Why do we not have all of the write workloads/ pre-conditioning in that profile? Our pre-conditioning scripts for STH testing can easily write over 100TB to a consumer grade-SSD. For many consumer drives that is a significant amount and I do not want to have someone run the tests a few times and use the majority of write endurance up on their drives.
 

Attachments

Last edited:

Patrick

Administrator
Staff member
Dec 21, 2010
12,516
5,811
113
Going first here.
  • System: Dell PowerEdge R930
  • RAM: 512GB RAM
  • CPU: 4x E7-8890 V4 Processors
  • OS: Windows Server 2012 R2
  • OS Drives: 2x 300GB SAS hard drives
  • Drives being tested: 8x Dell 400GB NVMe SSDs
  • Capacity being tested: 3.2TB
  • Acquire date: 9/ 2016
  • Approximate Cost: $50,000
Results
  • Tool Used: IOMeter
  • 4K Random IOPS: 3 million
upload_2016-9-13_8-27-24.png
  • 128K Sequential Read: 21GB/s
upload_2016-9-13_8-24-18.png
 
Last edited:

T_Minus

Build. Break. Fix. Repeat
Feb 15, 2015
7,641
2,058
113
OOh man, making me get some more NVME in baremetal :D for this 'test'.
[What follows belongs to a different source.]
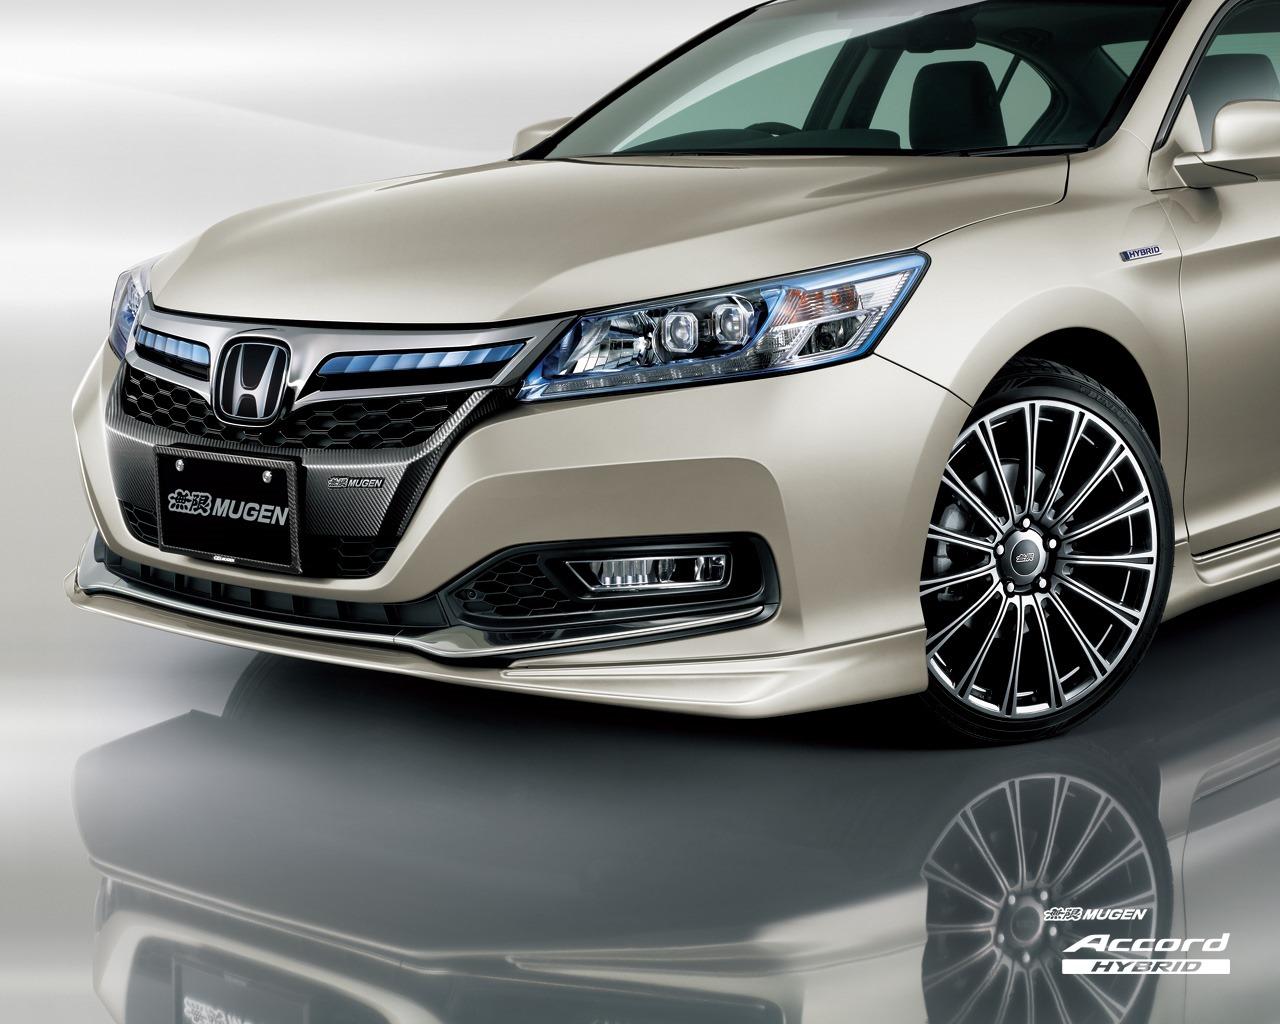 Honda Accord Hybrid โฉมใหม่ แต่งโดย Mugen รถใหม่ 2018

@Patrick -- Is it possible to save/export IOMeter configs so we can share the same one ?

Can people also post what benchmark tool they used too, I'd find that useful vs just "I got 1m"
 

Patrick

Administrator
Staff member
Dec 21, 2010
12,516
5,811
113
OOh man, making me get some more NVME in baremetal :D for this 'test'.

@Patrick -- Is it possible to save/export IOMeter configs so we can share the same one ?

Can people also post what benchmark tool they used too, I'd find that useful vs just "I got 1m"
Yes. Let me work on this.

Edit: @T_Minus read Iometer profiles added.
 
Last edited:
  • Like
Reactions: T_Minus

Patrick

Administrator
Staff member
Dec 21, 2010
12,516
5,811
113
Low cost SATA SSD Option
  • System: Supermicro 2U 24-bay w/ 3x LSI SAS 3008 HBAs
  • RAM: 256GB RAM
  • CPU: 2x E5-2698 V3 Processors
  • OS: Windows Server 2012 R2
  • OS Drive: SATA DOM
  • Drives being tested: 24x Phison S10DC 960GB SATA SSDs
  • Capacity being tested: 23TB
  • Acquire date: 8/ 2016
  • Approximate Cost: $25,000
Results
  • Tool Used: IOMeter
  • 4K Random IOPS: 1.5 million
Phison S10DC 4K Rand Read IOPS.JPG
  • 128K Sequential Read: 10GB/s
Phison Sequential Read.JPG
 

Patrick

Administrator
Staff member
Dec 21, 2010
12,516
5,811
113
Maybe we will see someone join and post some optane numbers
First gen Optane are still going to be limited by the PCIe bus.

@RobertFontaine - this is intended to be a longer-term thread. Frankly, you could have 3x of these in your workstation: Fusion-iO ioDrive II 1.2TB MLC Flash SSD PCIe 2.0 x8 Card KCC-REM-FIO-ioDrive2 and that setup would do 1.0-1.1 million read IOPS at under $1500. That pricing will, of course, go down to the point we will see it even more home-lab friendly.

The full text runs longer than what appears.